I was good at math when very young, but I reached a level at around the age of 13 or so where it got very difficult, and I pretty much gave up. I actually remember at the time thinking "I used to be good at maths*, what happened?" I scraped through. I passed, but only just. 

I have spent my life ever since hating and avoiding it. There are two reasons. One, it only really crops up or has any relevance these day in accounting, i.e. taxes etc, which I hate with a passion. I can do it. It's just basic arithmetic, it's easy, just tedious. 

Now and again I have to add a few fractions (recipes, woodwork, etc) or work out an angle when I'm constructing something, but let's just say math doesn't play a big role in my life. 

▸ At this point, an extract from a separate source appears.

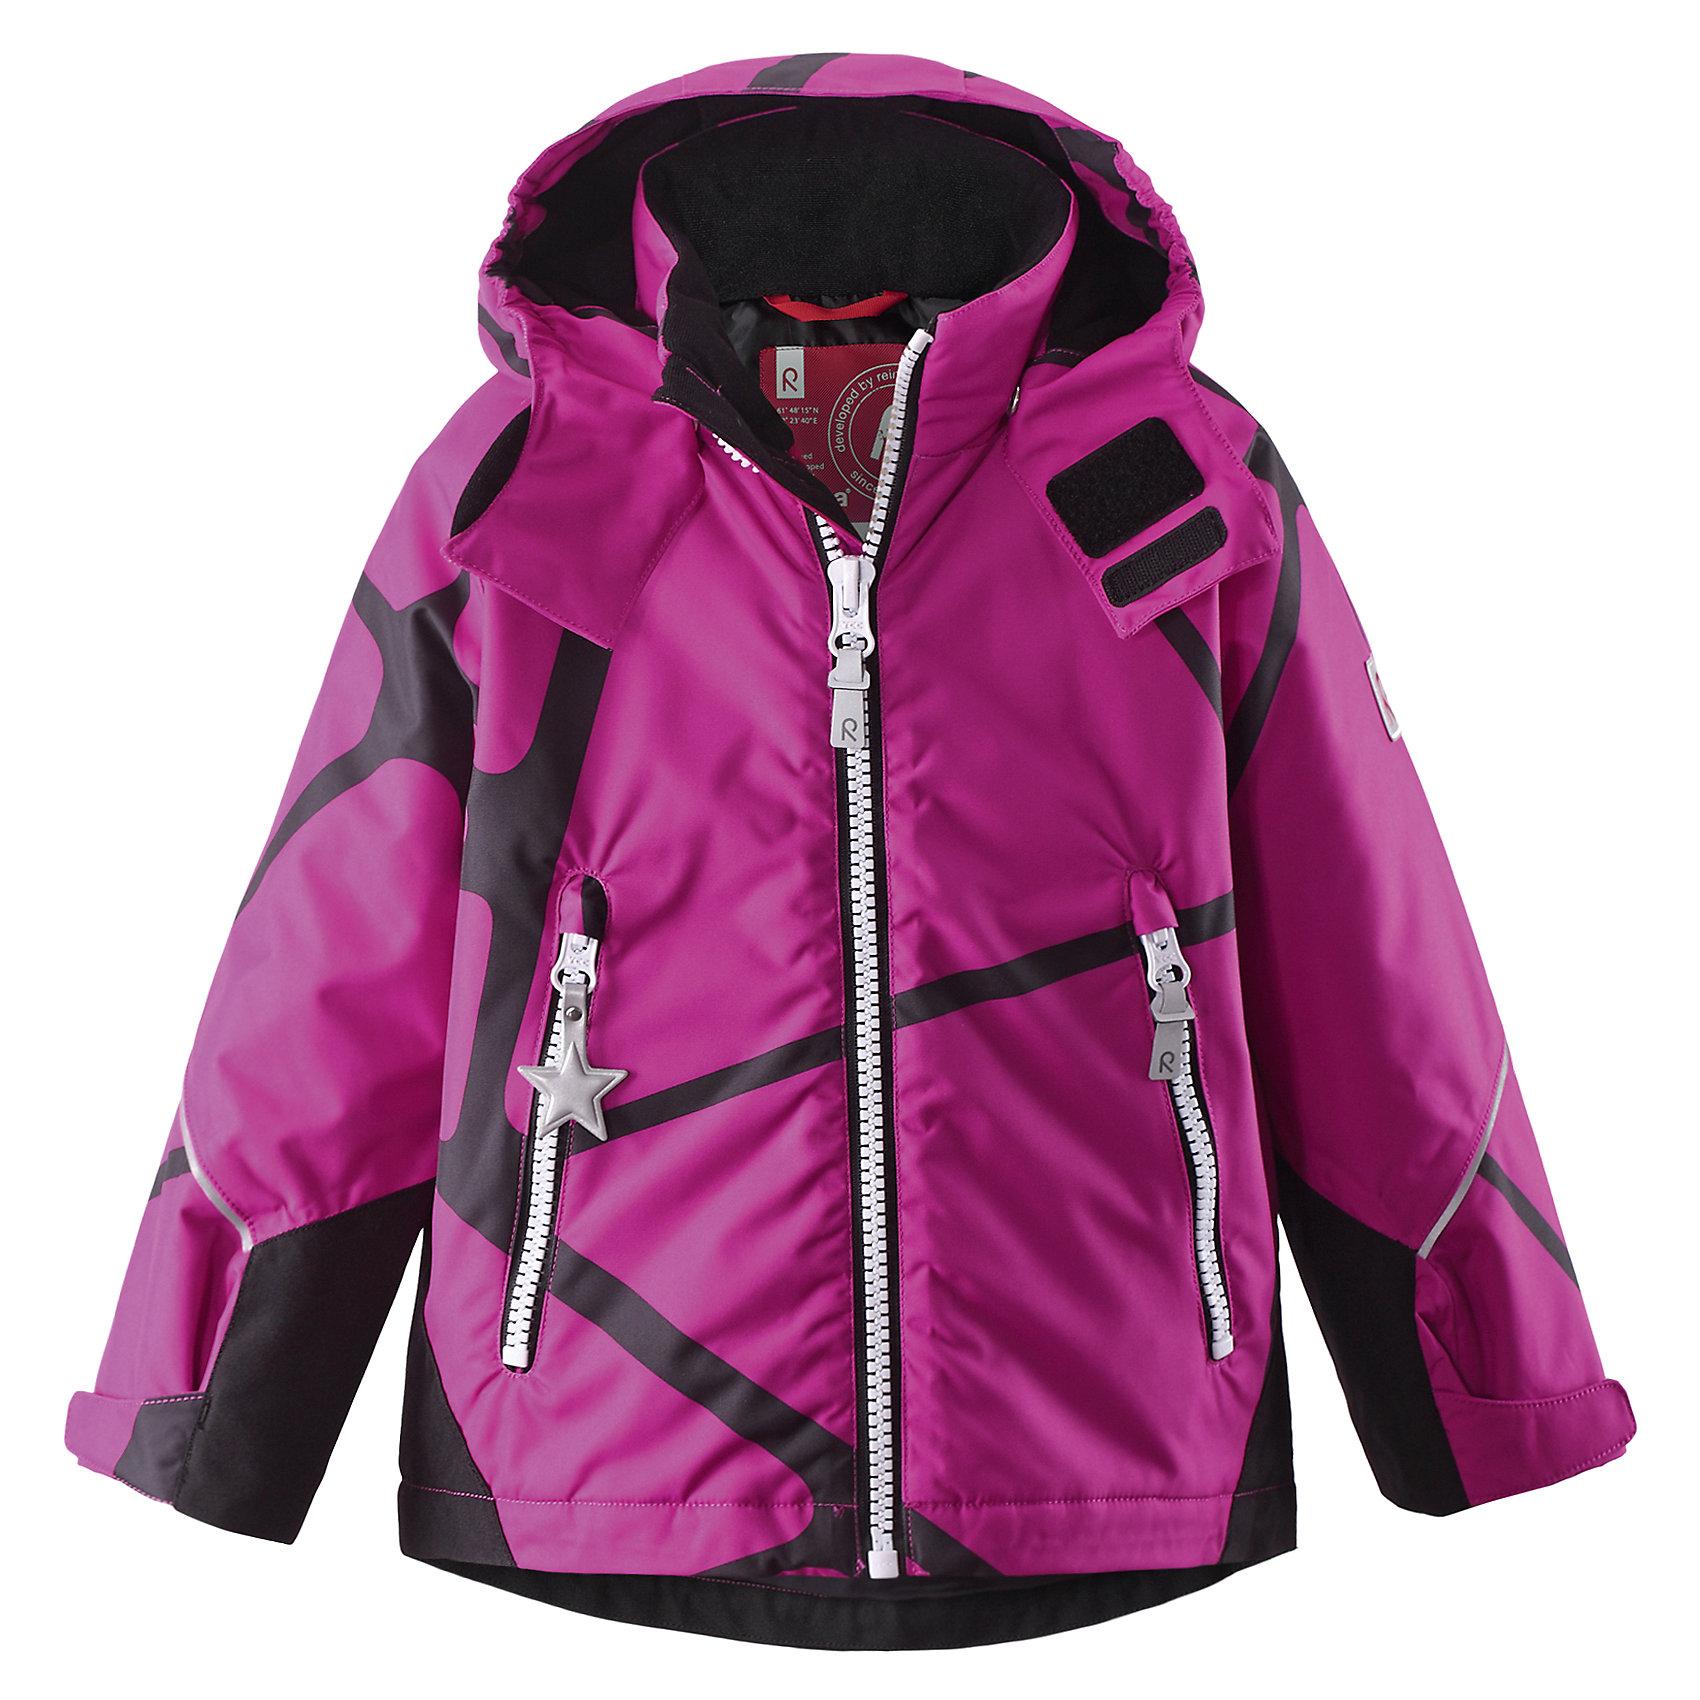 Куртка Kide ReimaОдежда<br>Зимняя куртка для детей. Основные швы проклеены и не пропускают влагу. Прочные усиленные вставки на рукавах и спинке Водо- и ветронепроницаемый, «дышащий» и грязеотталкивающий материал. Гладкая подкладка из полиэстра. Безопасный, съемный капюшон. Регулируемые манжеты и подол. Два кармана на молнии .Принт по всей поверхности .Безопасные светоотражающие детали.<br>Состав:<br>100% ПЭ, ПУ-покрытие<br><br>Ширина мм: 356<br>Глубина мм: 10<br>Высота мм: 245<br>Вес г: 519<br>Цвет: розовый<br>Возраст от месяцев: 72<br>Возраст до месяцев: 84<br>Пол: Унисекс<br>Возраст: Детский<br>Размер: 122,128,116<br>SKU: 5309359

I have been heard many a time complaining about the time spent on math in High Schools, but more so in colleges. About kids who fail only on the math - but therefore FAIL, and kids in college who can't get past the math, despite the fact it's not relevant to what they went to college for. I'm angry about it. You pay a lot of money for further education, and these compulsory general courses.............don't get me started. Just don't. 

Because I've been studying things recently where advanced math would have been useful, I've been forced to change my attitude. 

You see, I used to believe that the way advanced math is taught in High School is a waste of time, unless you needed it for more study in future, where the advanced math would come in useful. 

So, now I believe that the way advanced math is taught in High School is a waste of time, even if you do need it later on for further study. Because you won't remember it. 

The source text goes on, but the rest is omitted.